Synovial fluid (SF) is a lubricant for articulating joints. The study of SF rheological properties has gained significance due to SF viscoelastic properties, and SF’s ability to sustain a considerable load. The rheological performance of SF is linked to the joint’s condition. A joint disease such as osteoarthritis (OA) reduces SF rheological properties. This study is aimed at investigating the shear and extensional rheological properties of osteoarthritic synovial fluid (OA SF). Additionally, this study is aimed at correlating SF rheological properties with its protein concentration.Shear rheological properties of 35 OA SF samples were investigated at a physiological temperature (37 °C) using cone-and-plate shear rheometer. Furthermore, the effects of the temperature, the centrifugation, and the storage at -20 °C for two weeks were also studied on some samples. Additionally, the time-dependent rheological properties were investigated by rotation and oscillation tests. Extensional rheological properties were studied using a capillary breakup extensional rheometer (CaBER). First, the effects of different CaBER configurations on the extensional rheological measurements were investigated in order to determine the optimal configuration.
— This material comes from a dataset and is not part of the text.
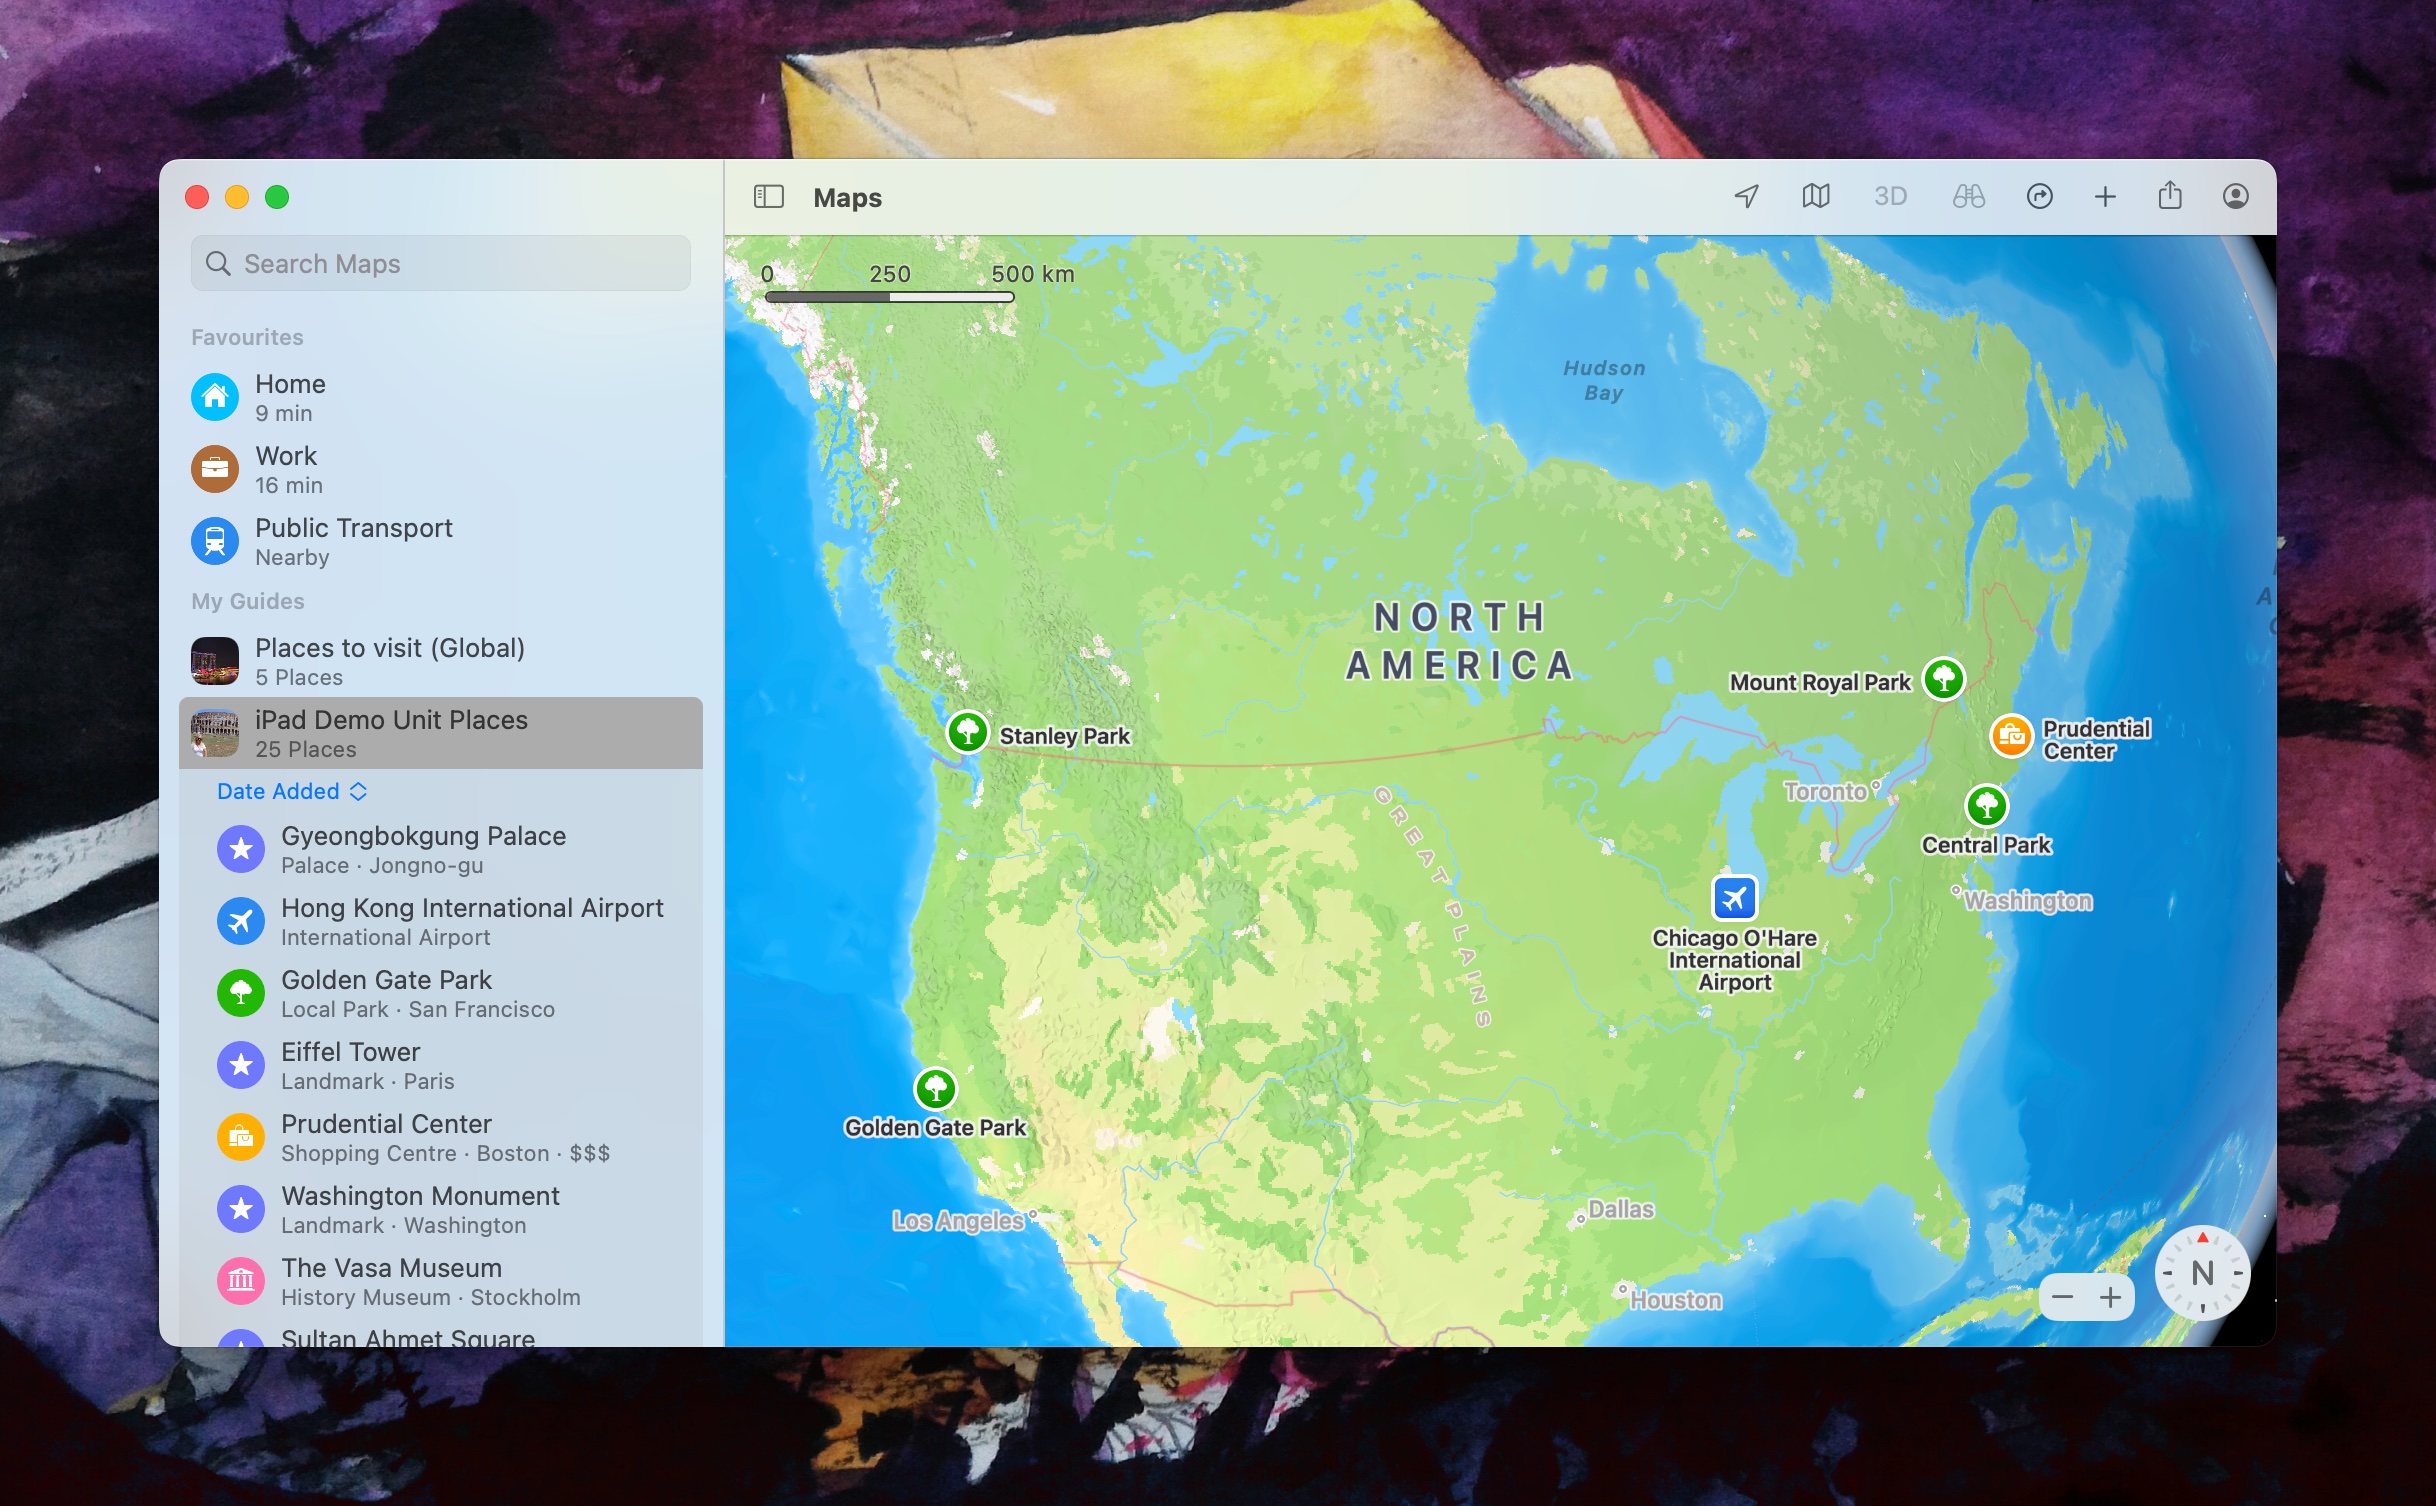 A screenshot of the macOS Maps app. A map collection titled "iPad Demo Unit Places" is selected on the right. Visible in the main window is North America which depicts a number of bookmarked locations.

Then, the extensional rheological properties of 21 OA SF samples were studied. The protein concentrations of SF were determined using a bicinchoninic acid (BCA) protein assay kit. I also investigate the correlations between rheological properties and protein concentration.The understanding of SF rheological properties will lead to a better understanding of its lubrication properties, and to the development of a rheological analogue to SF or to a periprosthetic fluid.